ASSIGNED TASK >> The expected response is the full listing, retyped exactly, without its images.

MATERIAL PROVIDED >>
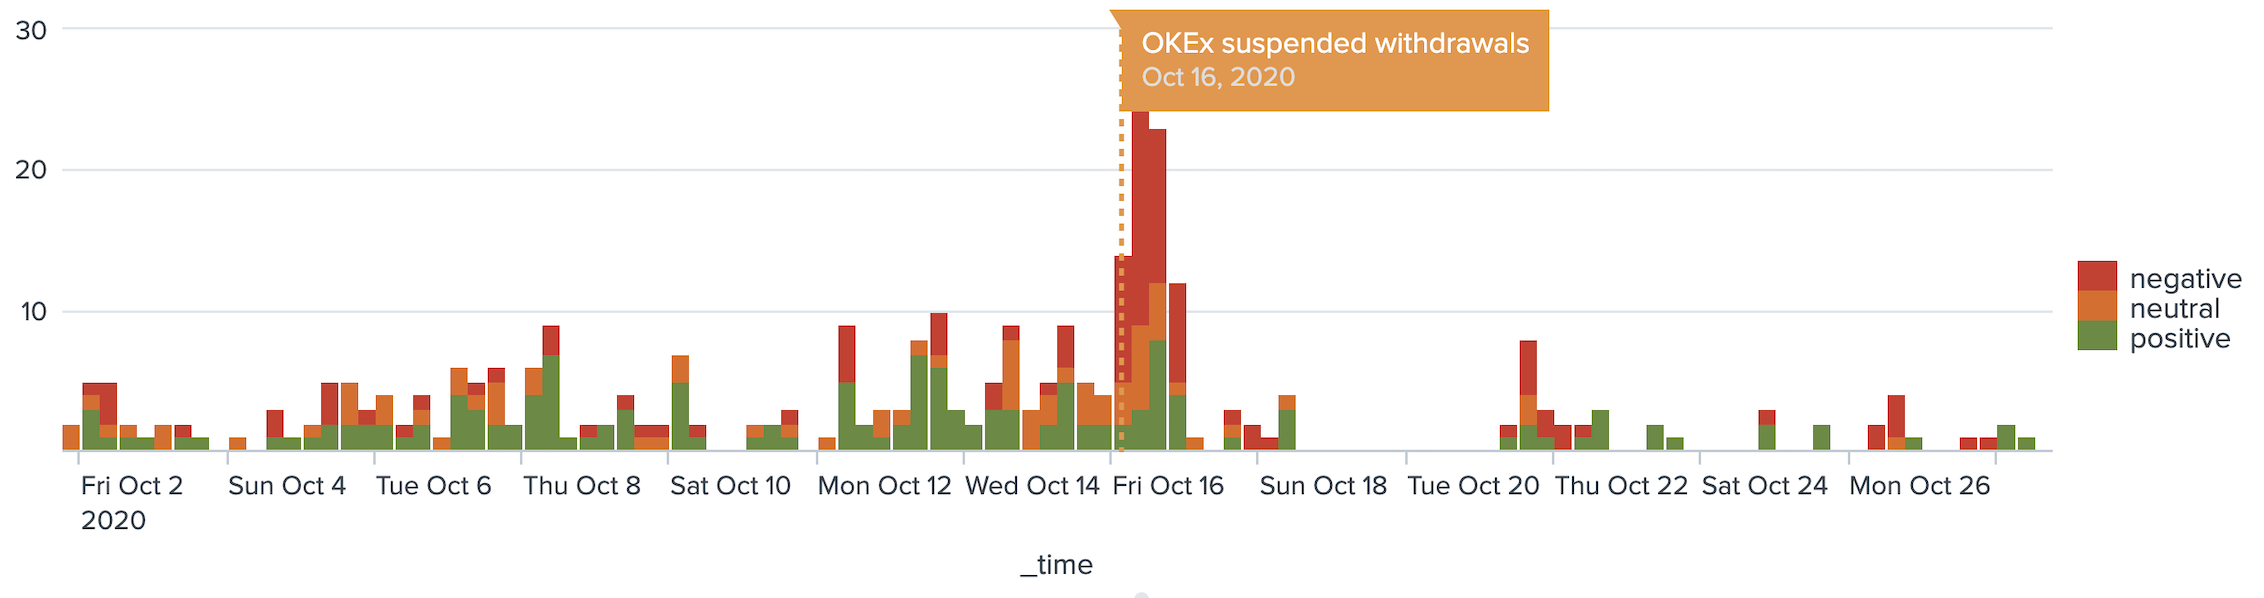 Sentiment Analysis for OKEx. Source: <a href="https://inca.digital/products#data">Inca Digital</a>
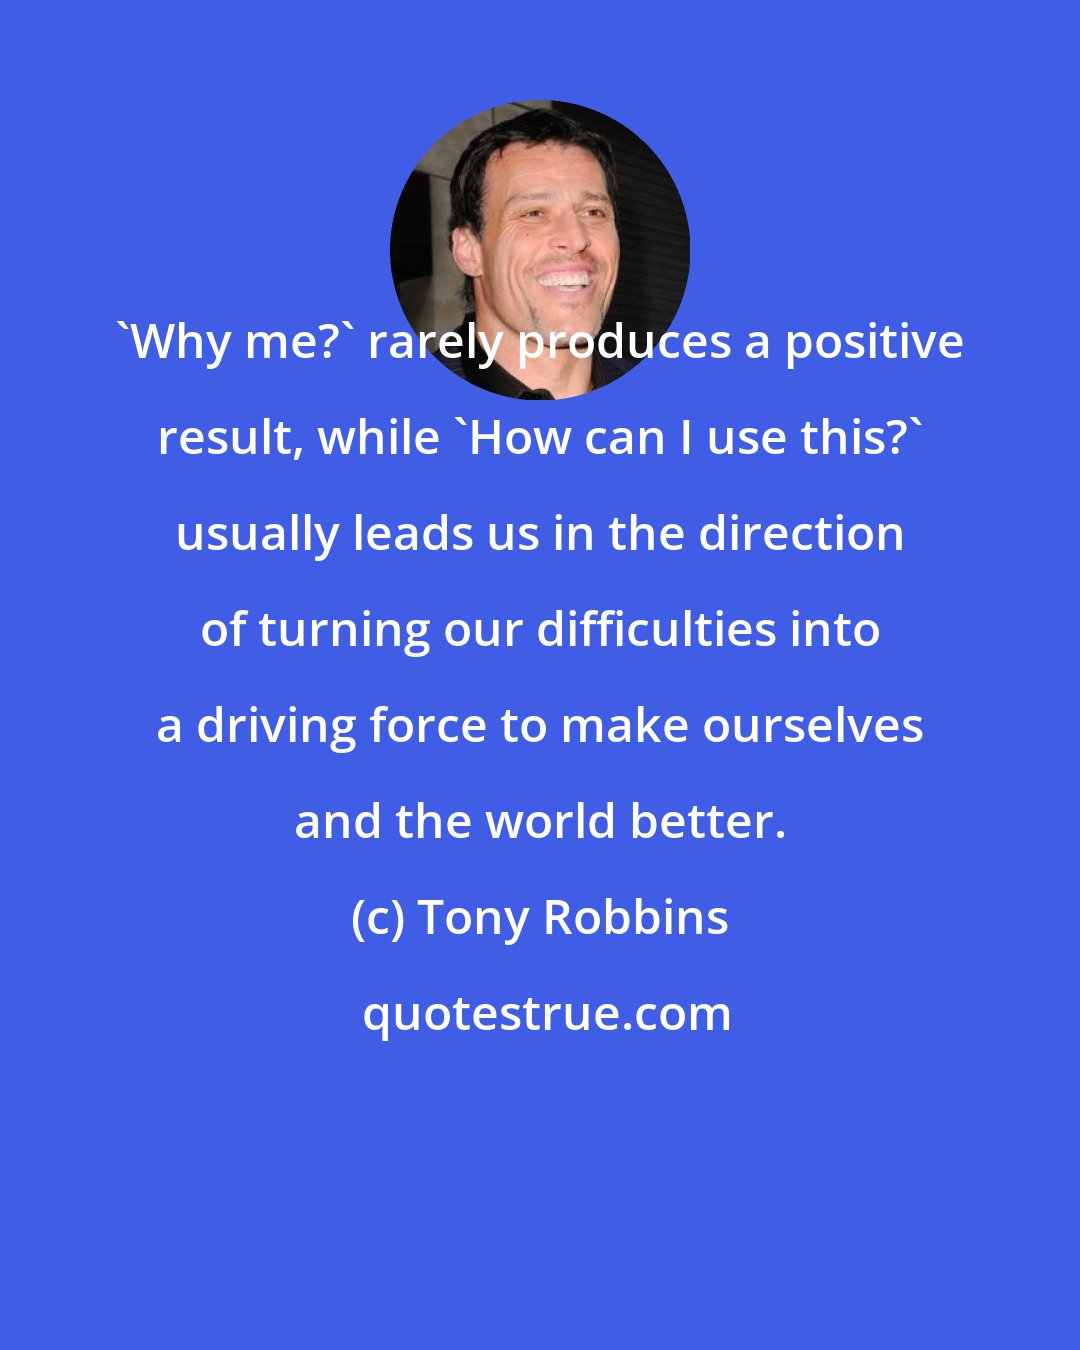 Tony Robbins: 'Why me?' rarely produces a positive result, while 'How can I use this?' usually leads us in the direction of turning our difficulties into a driving force to make ourselves and the world better.
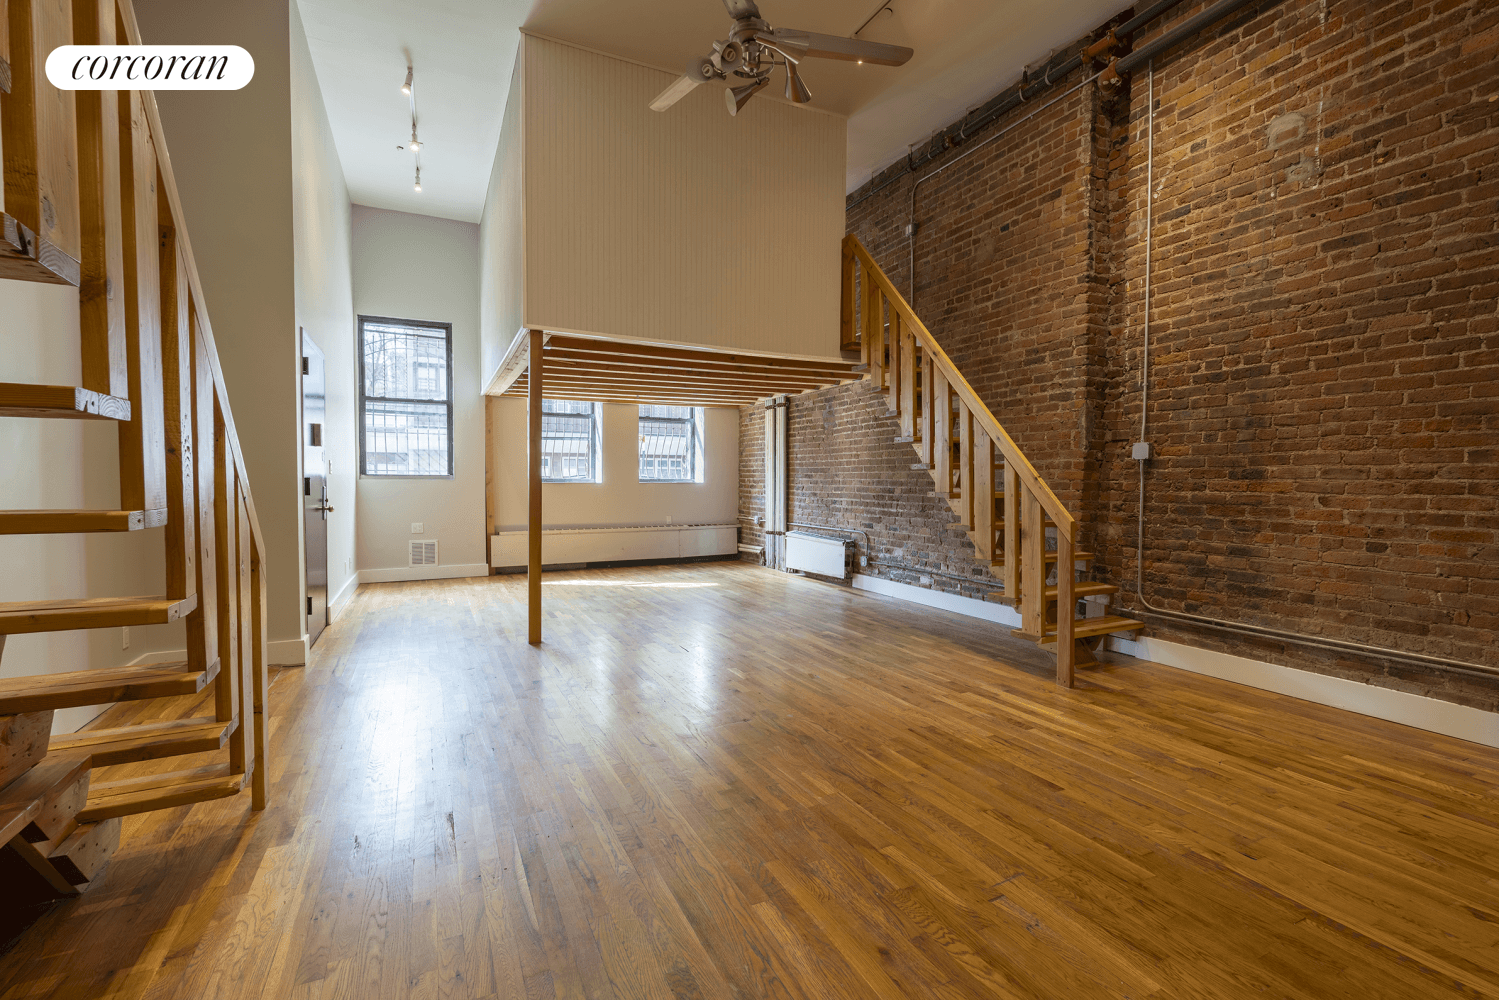 Apartment 1A is an special two bedroom loft featuring a recent renovation, over 1, 100 sq ft of living space and soaring 13'5 ceilings.
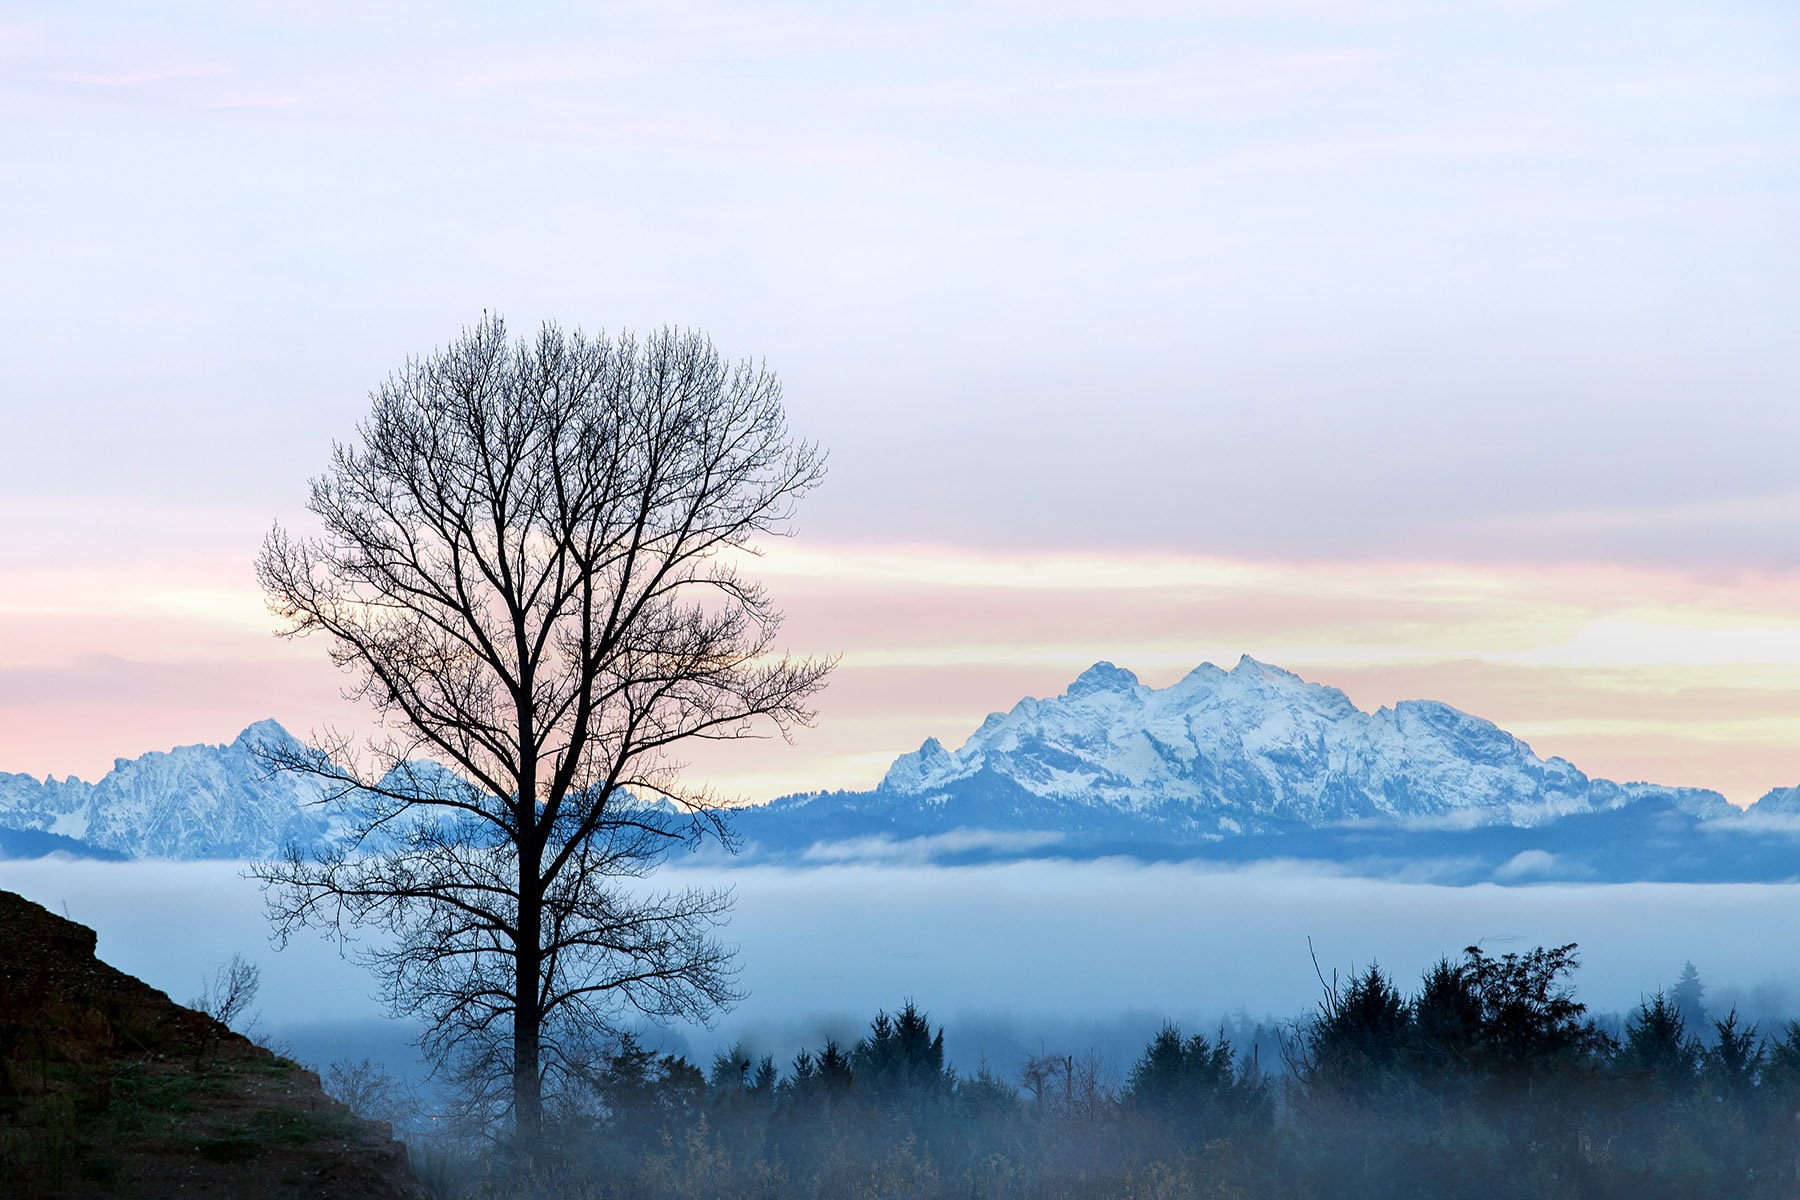 A leafless tree stands against a pastel sunrise with snow-capped mountains in the background.

THE COMPLETED TASK >>
 Sentiment Analysis for OKEx. Source: <a href="https://inca.digital/products#data">Inca Digital</a>
 Tony Robbins: 'Why me?' rarely produces a positive result, while 'How can I use this?' usually leads us in the direction of turning our difficulties into a driving force to make ourselves and the world better.
 Apartment 1A is an special two bedroom loft featuring a recent renovation, over 1, 100 sq ft of living space and soaring 13'5 ceilings.
 A leafless tree stands against a pastel sunrise with snow-capped mountains in the background.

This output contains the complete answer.